As far as I know, we should split the synonyms file because of zookeeper,
there is a limit in the size of files (1MB).
All my synonyms are about 10MB.
That's a very large synonyms file. If your synonyms happen at index
time, that might slow down indexing, and as I said before in my previous
reply, a full reindex would be required after updating the synonyms. If
your synonyms are at query time, a reindex wouldn't be required. Such a
large synonym file at query time could add noticeable time to query
parsing, because every term in the query would need to be checked
against every synonym.
Regarding the 1MB limit in zookeeper, you might find it more useful to
increase the limit instead of trying to use multiple files.

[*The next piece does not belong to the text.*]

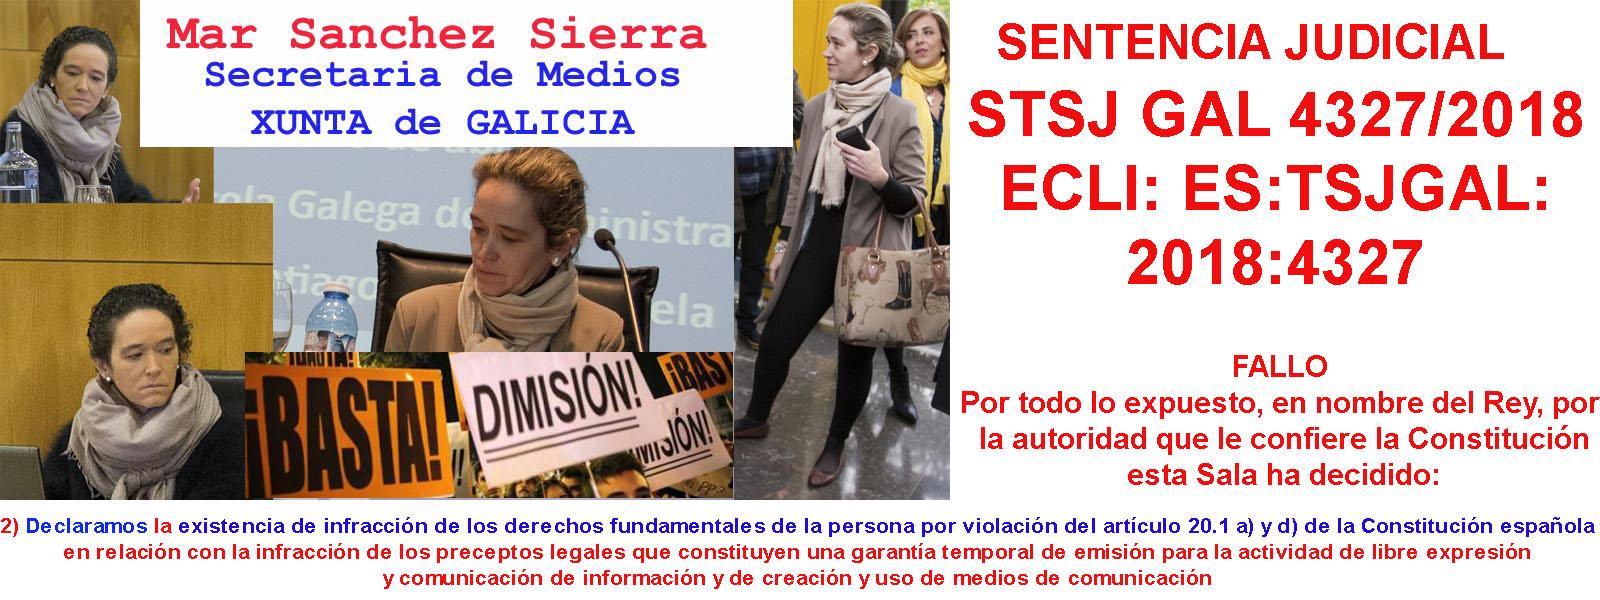 17 de Octubre 2020; El dinero público como forma de blanqueo de capitales.- María del Mar Sánchez Sierra asesora del PPdeG anuncia 4 cuentas bancarias privadas para gestionar donativos anónimos.

Adding
-Djute.maxbuffer=nnnnnnnn to the java commandline on all Solr (Tomcat)
instances and all Zookeeper instances will increase this limit.
http://zookeeper.apache.org/doc/r3.4.6/zookeeperAdmin.html#Experimental+Options%2FFeatures
As a general rule, storing very large stuff in zookeeper is not
recommended, but synonyms will only be read when a core first starts up
or is reloaded, so I do not think it is a big problem in this case.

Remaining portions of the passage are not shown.